- Spokesperson: Zésar Corella
- Founded: 2008
- Dissolved: July 13, 2026
- Split from: Chunta Aragonesista
- Merged into: Chunta Aragonesista
- Headquarters: Zaragoza
- Newspaper: Socialismo aragonés
- Student wing: SEIRA
- Youth wing: Purna
- Ideology: Aragonese nationalism Eco-socialism Left-wing nationalism Aragonese independence Feminism Euroscepticism Antifascism
- Political position: Left-wing
- National affiliation: Ahora Repúblicas (2019–2024)
- Regional affiliation: Zaragoza en Común (2015–2019)
- Trade union affiliation: Sindicato Obrero Aragonés (SOA-STA)
- Colors: Yellow Red

Website
- puyalon.org

= Puyalón de Cuchas =

Puyalón de Cuchas (or simply Puyalón) was an Aragonese left-wing nationalist political party formed in 2008, after a split from the Chunta Aragonesista. The party was reintegrated with Chunta in July 2026.

==Objectives==
The main objectives of Puyalón are achieving full national sovereignty for Aragón and building a socialist society. The party also supports the minority languages of Aragón: Catalan and Aragonese, feminism, ecologism and the integration of immigrants.

==History==
The first participation by Puyalón in elections was in the local elections of 2011, when the party gained a town councillor in Artieda. In the European elections of 2014 Puyalón supported (and participated in) The Peoples Decide (LPD), gaining 1,241 votes (0.27% of the vote in Aragón). In the municipal elections of 2015 Puyalón gained two town councillors, one in Artieda (Raúl Ramón Iguácel) and another in Pastriz (Rubén Ramos, elected in the list Ganar Pastriz).

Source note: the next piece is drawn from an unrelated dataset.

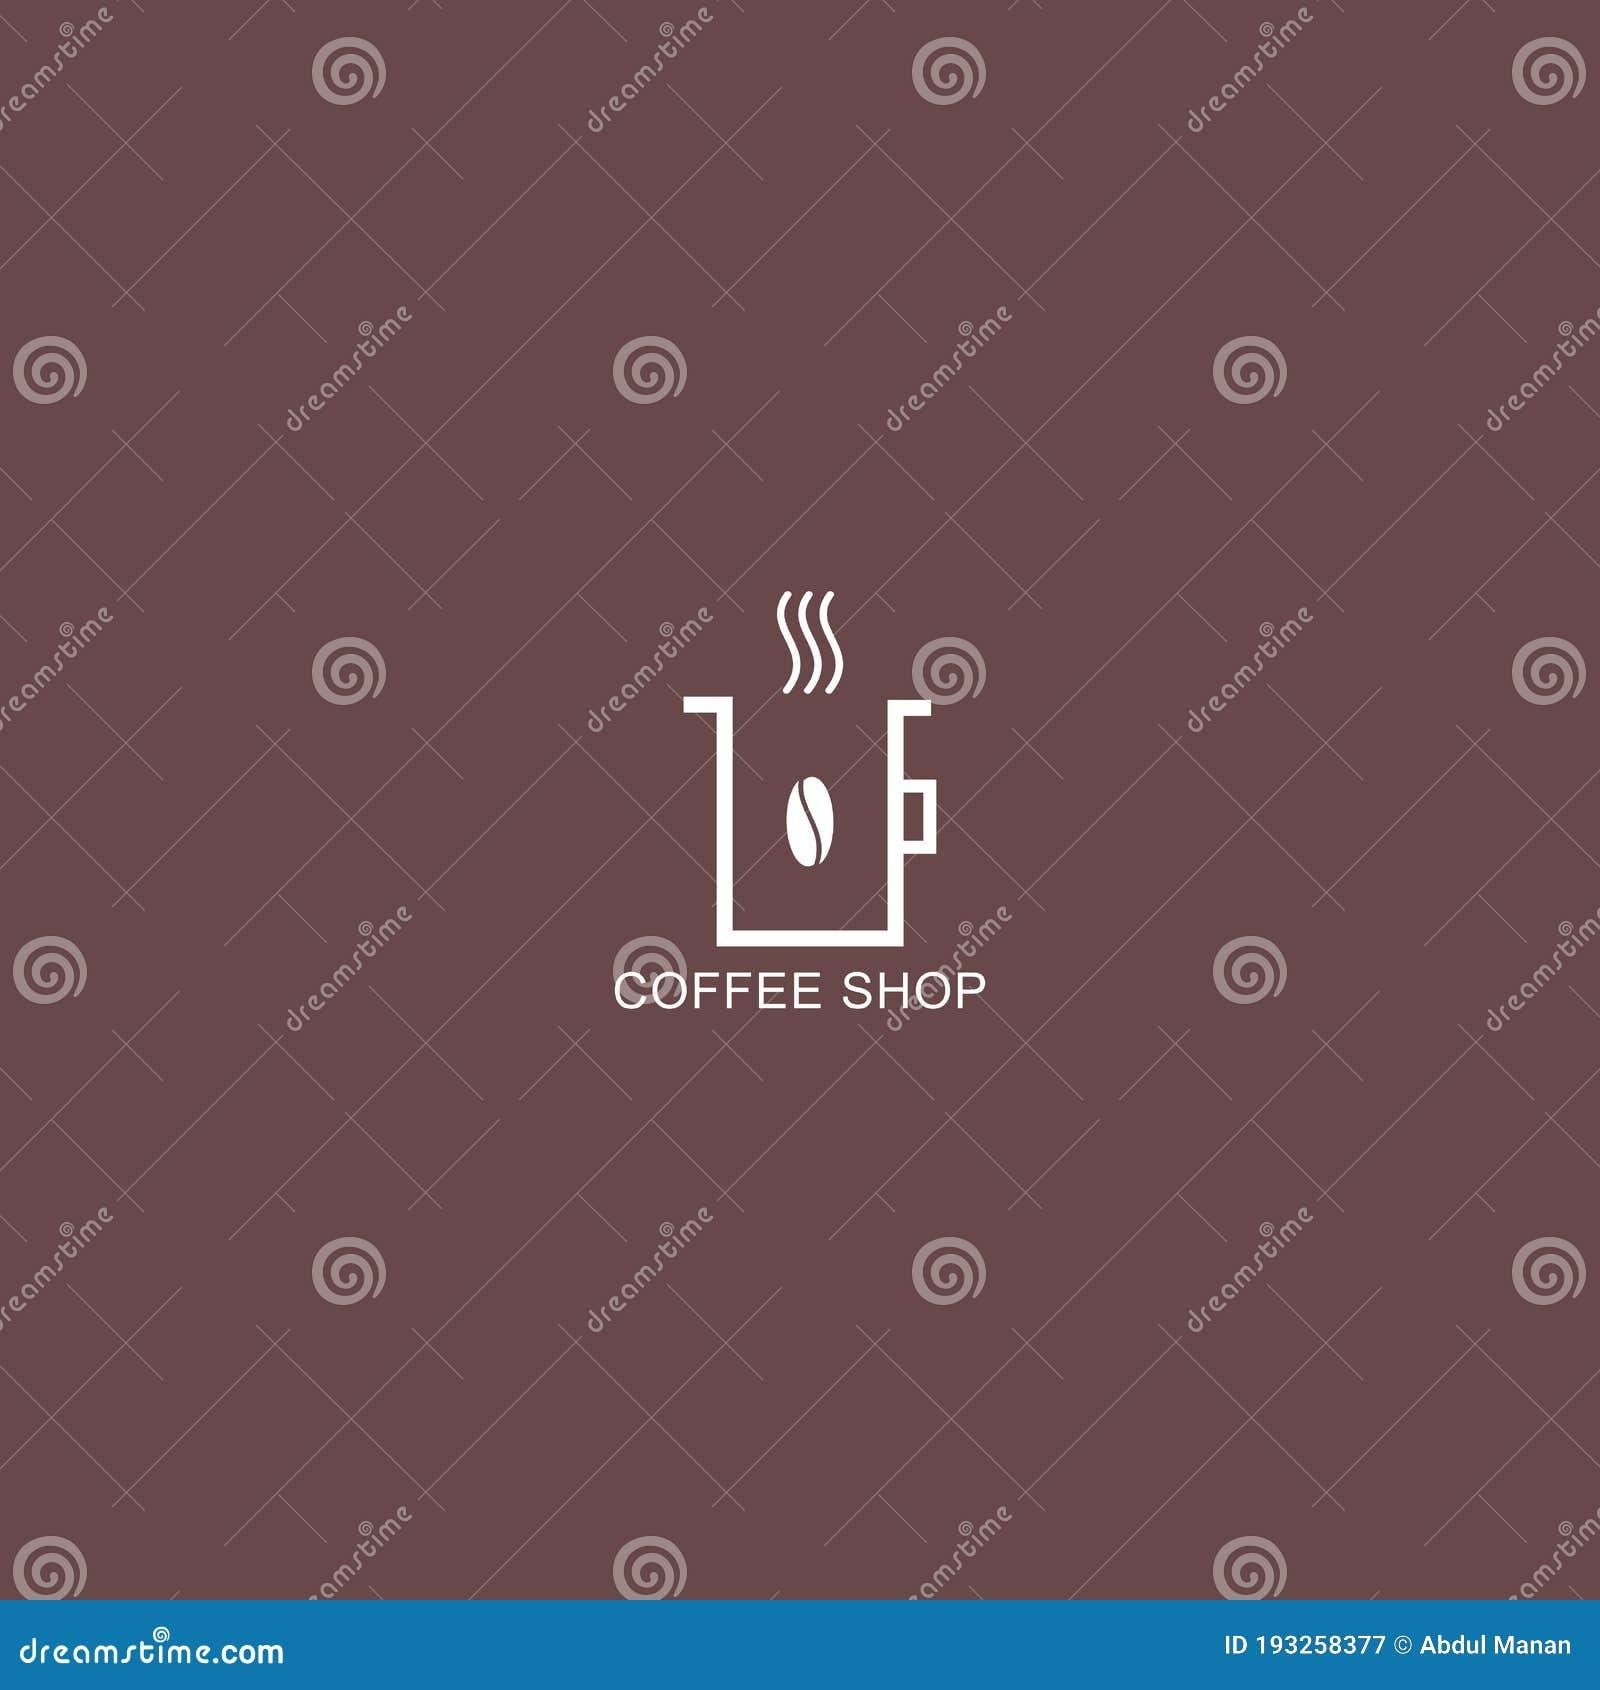 Coffee Shop Logo Simple Natural Home Logo Design Cafe Or Restaurant Logo Coffee And Tea Shop Stock Vector Illustration Of Cafe Company 193258377
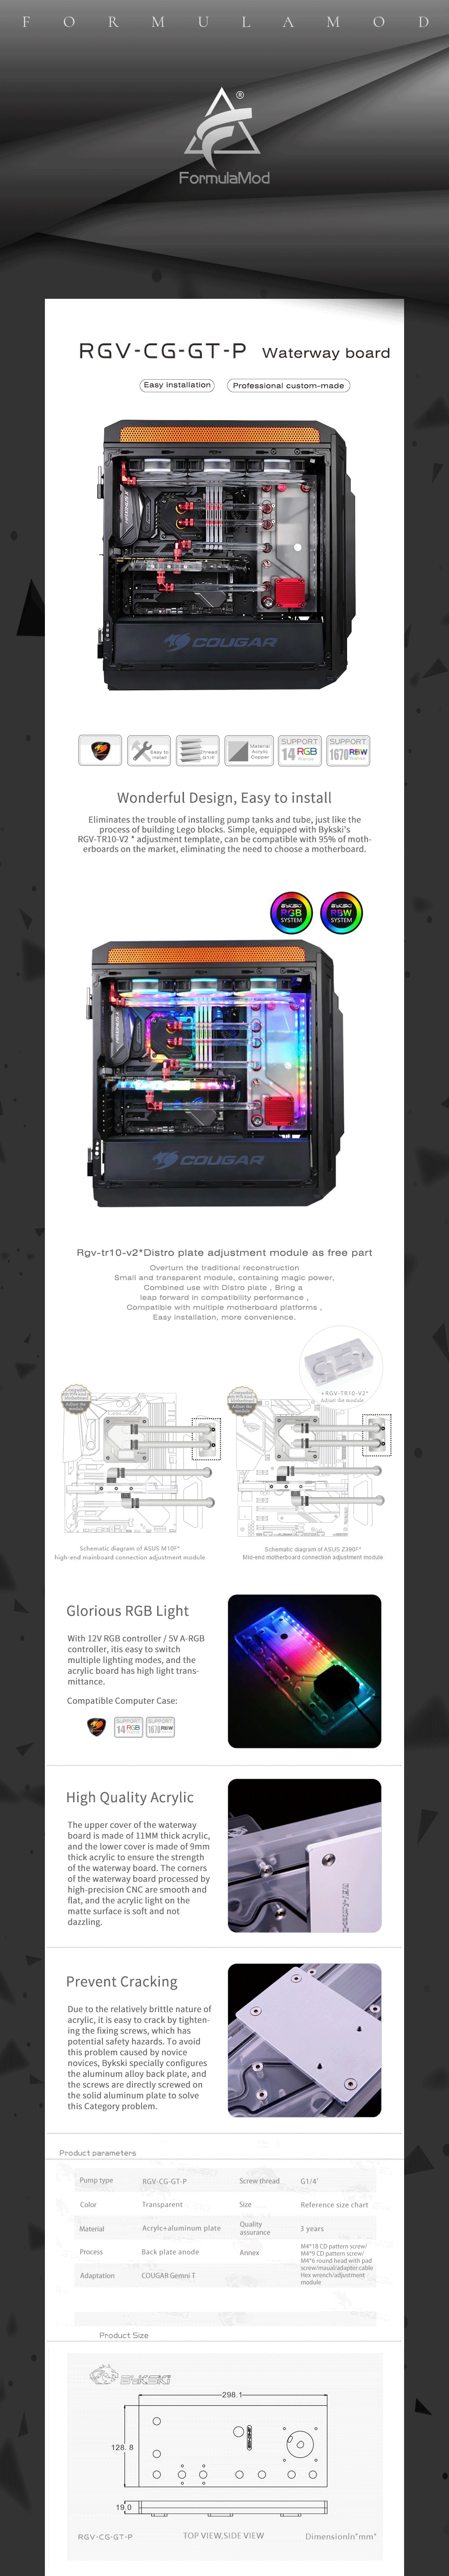 Bykski Waterway Cooling Kit For COUGAR Gemini T Case, 5V ARGB, For Single GPU Building, RGV-CG-GT-P

In the 2019 Spanish general election Puyalón won 835 votes (0.11% in Aragon), fielding candidates in all three Aragonese constituencies: Huesca (148 votes, 0.12%), Teruel (66 votes, 0.08%) and Zaragoza (621 votes, 0.11%). In the 2019 European parliament election in Spain, Puyalón supported the Republics Now coalition, the successor of the 2014 LPD coalition. Republics Now won 1,805 votes (0.27%) in Aragon.

On 25 May 2023, the party announced it would not contest the 2023 Spanish general election.

On 13 July 2026, the party announced that it would merge back into Chunta Aragonesista, from which Puyalón had originally split 18 years prior. The agreement between the parties was motivated by a desire to set aside their differences for the sake of a common cause, with the parties declaring their hope that the new pact would help "reactivate [old] networks, attract new sectors of society and strengthen the social base of left-wing Aragonese nationalism, particularly among those who never felt they could identify with traditional party structures".